# Pastry Chef Salaries



## tomculb (Jun 25, 2003)

I'm in talks with a company that wants a pastry chef for a large scratch baking food service operation. They want high-end, high volume stuff. It's breakfast, lunch and dinner service. They project 4000 covers per day. To me, it sounds like the equivalent of running a large hotel operation. It's a bit hard to know what a proper salary demand would be. This is going to be a HUGE job. Anyone have any thoughts on salary? (This will be in California - I can't be too specific - one of the two major metro areas in CA)


----------



## lotuscakestudio (Jun 28, 2001)

Holy smokes! FOUR THOUSAND covers per day??

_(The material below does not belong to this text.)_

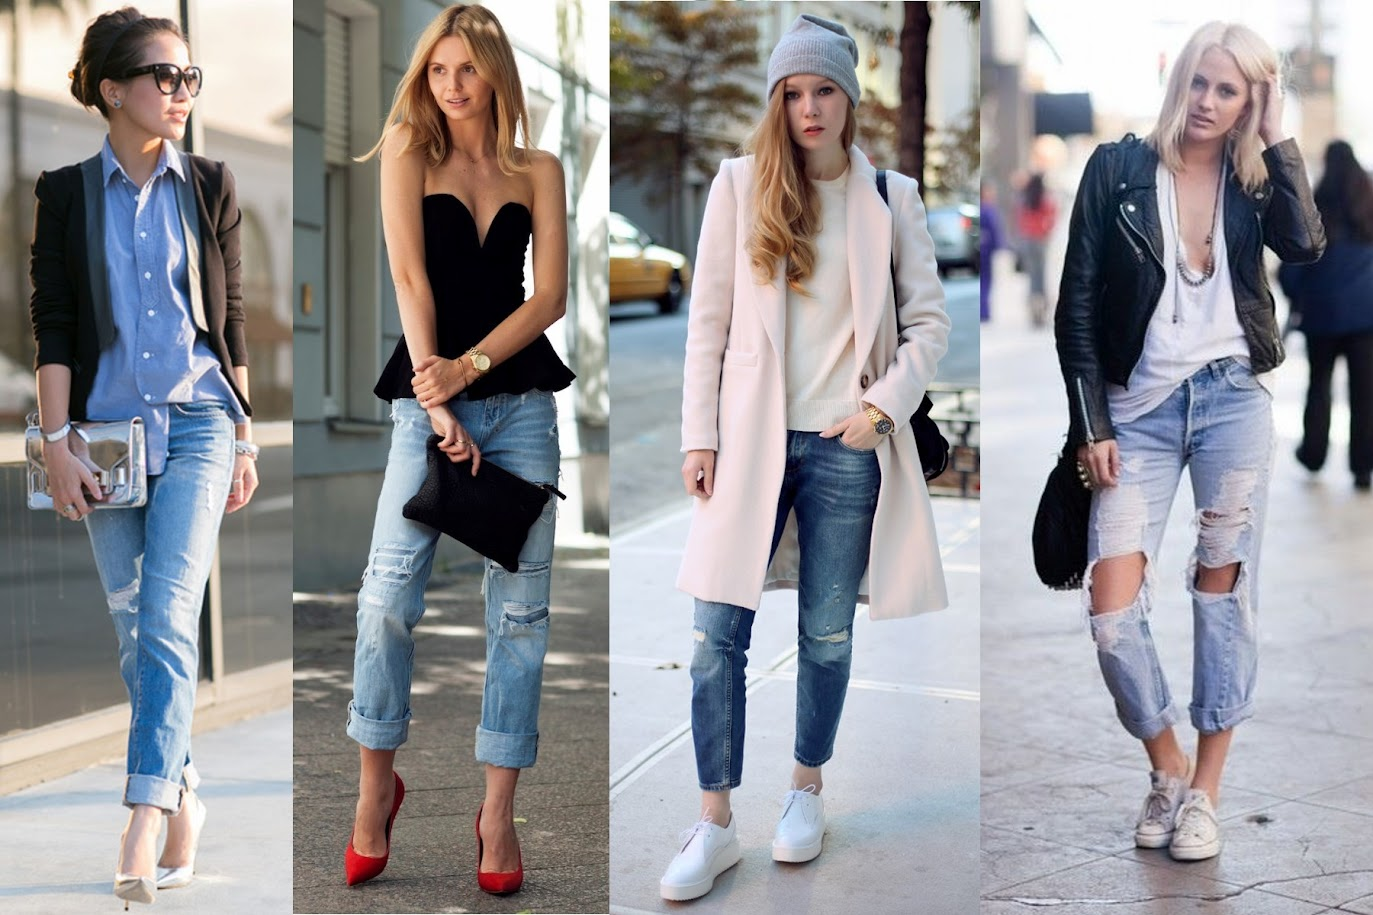 Женские джинсы бойфренды в магазине IssaPlus

A few years ago, I read in PAD that executive pastry chefs' salaries on the high end was $80,000. So I think $80k is a good place to start.


----------



## momoreg (Mar 4, 2000)

I assume you're not taking over a position that's existed before, and that you're opening the place. If that is true, it sounds like you'll be expected to work a lot of 7 day weeks, with possibly no personal time for awhile. That should be factored into your price. Remember, it's easier to negotiate down than up. 80 does sound like a lot, and you don't want to price yourself out of a job, but look at what you've made for other jobs, and decide from there how much more you expect to make for the work involved. I wouldn't ask less than 65, if the job entails what it appears to.


----------



## m brown (May 29, 1999)

Is there insurance included, dental, eye?

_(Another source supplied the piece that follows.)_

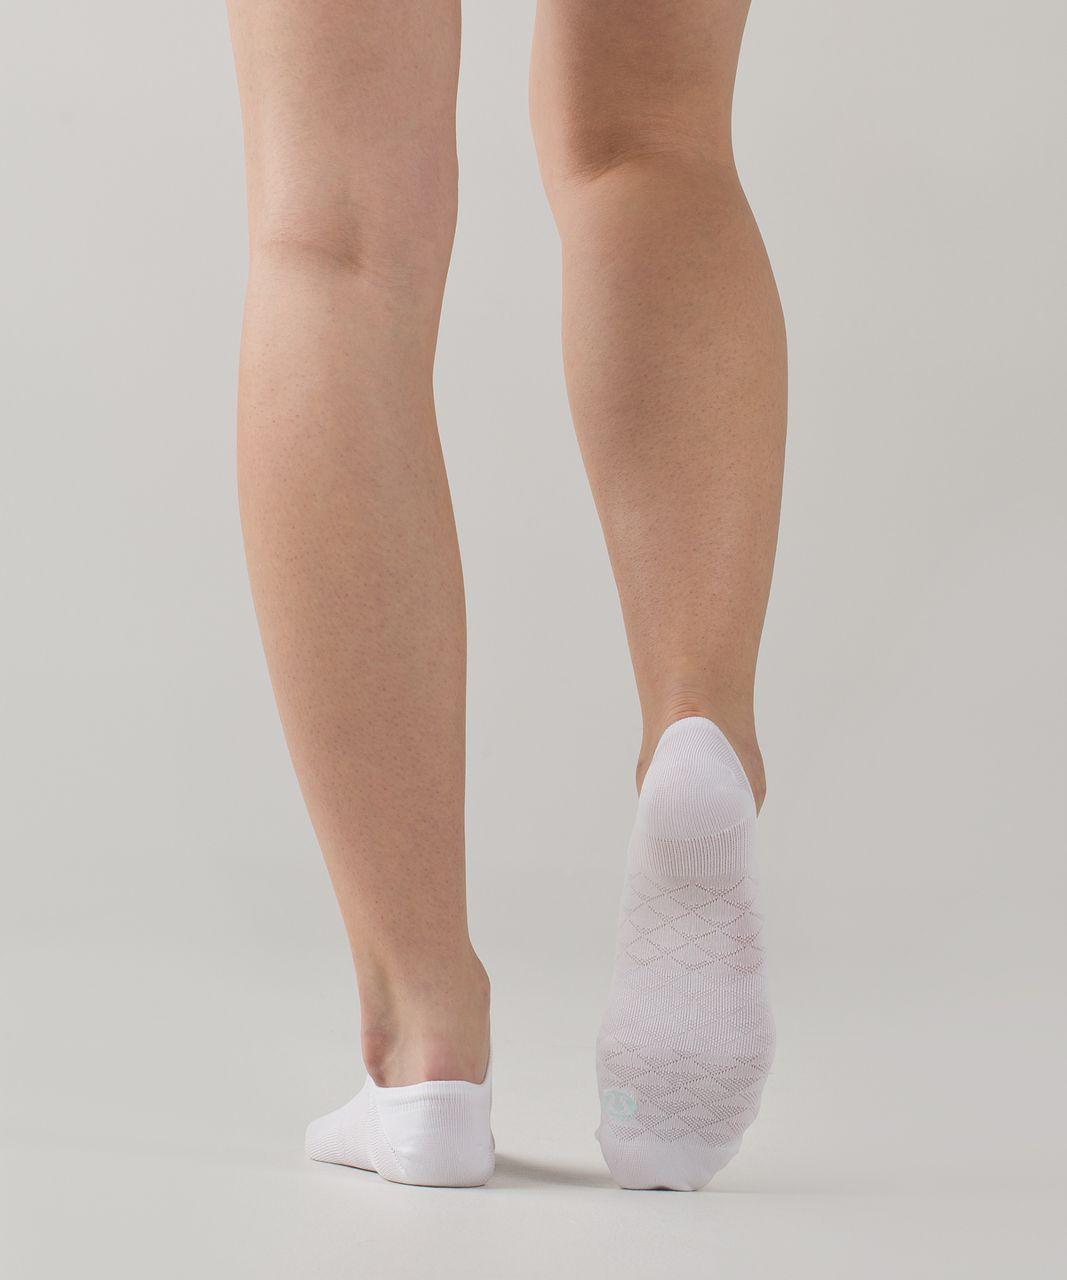 Lululemon Play All Day Sock - White / Sea Mist

Bonuses? Profit sharing, stockes? 

do they relocate? is it union? 

so many questions!

Start at 80 with benifits. 

If you have the experience and the know how, than the money should be easy and they will want to pay your for your knowledge, professionalism and talent.
You are making them lots of profit, you should be well taken care of!
Remeber, this is business, bring to the table what you expect to take away.

Best of Luck!!!


----------



## panini (Jul 28, 2001)

When I did go the volume route, my first question was
" who is my second, do I hire him or her?" What will their salary be.
What is the expected percentage of bakery revenue designated to the cost of labor?
How many shifts working? Add some money if there will be a 
graveyard or overnight.
I'm sure you've gone over all this, The main thing that I've learned about larger operations is that they have to be set up for you to be sucessful.
No slam to the hot side, but I have seen numerous operations set up by the corp. or exec chef without any real understanding of sweet production flow.
PS It's a must that your second have administrative skills as well as production.
I'd take 60. with a strong assist. then 80.and no one to share the burden.
Just my opinions of course


----------



## m brown (May 29, 1999)

Here, here.


----------